SCHOOL OF JOURNALISM

University of Arizona Department of Journalism

Journalism historian offers colloquium on radical press

Linda Lumsden, an assistant professor of journalism, will discuss her research on anarchist and socialist newspapers and magazines in the decade before World War I at a journalism research colloquium at 4 p.m. Thursday, March 26, in Marshall Building Room 341. The talk, "‘Striking Images’: Visual Rhetoric of the Radical Press, 1908-1918," is free and open to all.

Anarchist and socialist periodicals opposed capitalism and the rise of the corporate state. A key element of their protest was the use of imagery to telegraph their views on a range of social issues: labor, politics, gender, race, free speech, and war. Crude but powerful, radical cartoons provoked the government to try to imprison at least one artist.

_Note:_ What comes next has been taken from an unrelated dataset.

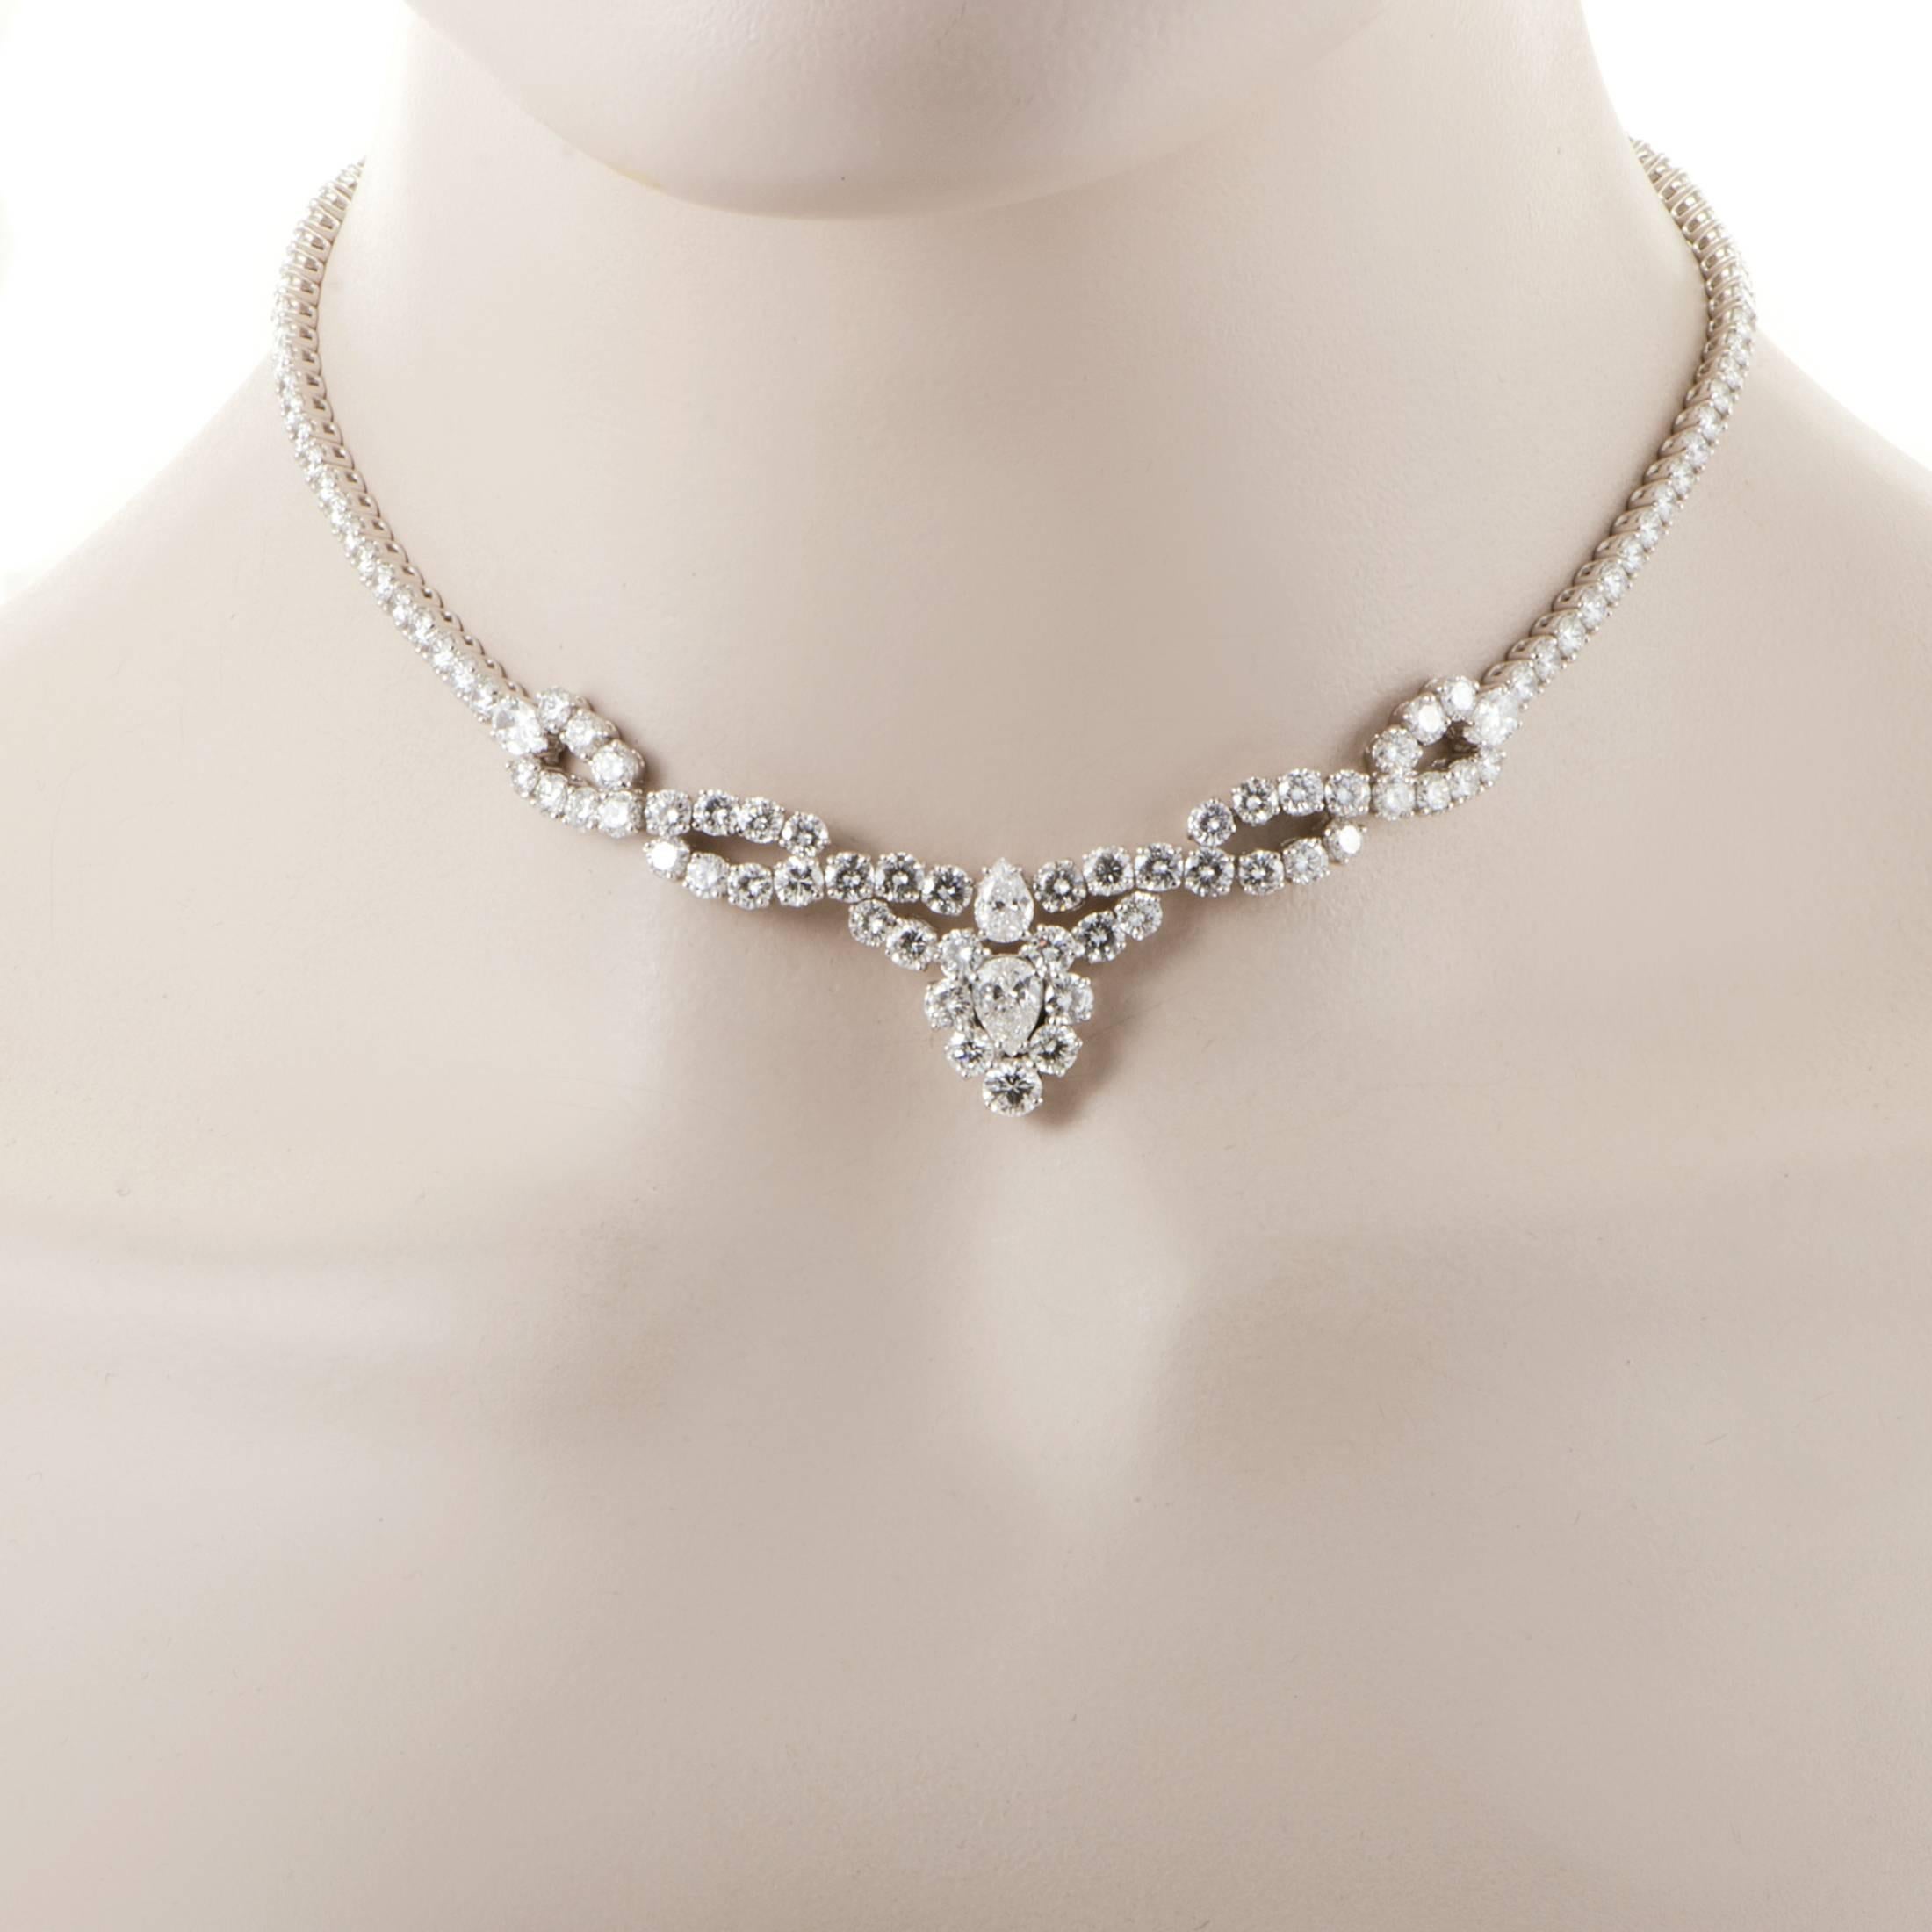 A spellbinding embodiment of unblemished prestige and lavish elegance, this astonishing necklace from Dior is exquisitely crafted from 18K white gold and adorned with resplendent F-color diamonds of VVS clarity weighing in total staggering 21.00

The visual rhetoric of publications like The Blast, The Masses and Mother Earth offered a social critique that remains relevant in the face of today’s global economic crisis. Join Professor Lumsden for an exploration of this early mass media imagery in the School of Journalism’s first colloquium. Her research builds on her two books on the suffrage movement in the 1910s. She holds a Ph.D. from The University of North Carolina at Chapel Hill and a master’s degree in magazines from Syracuse University.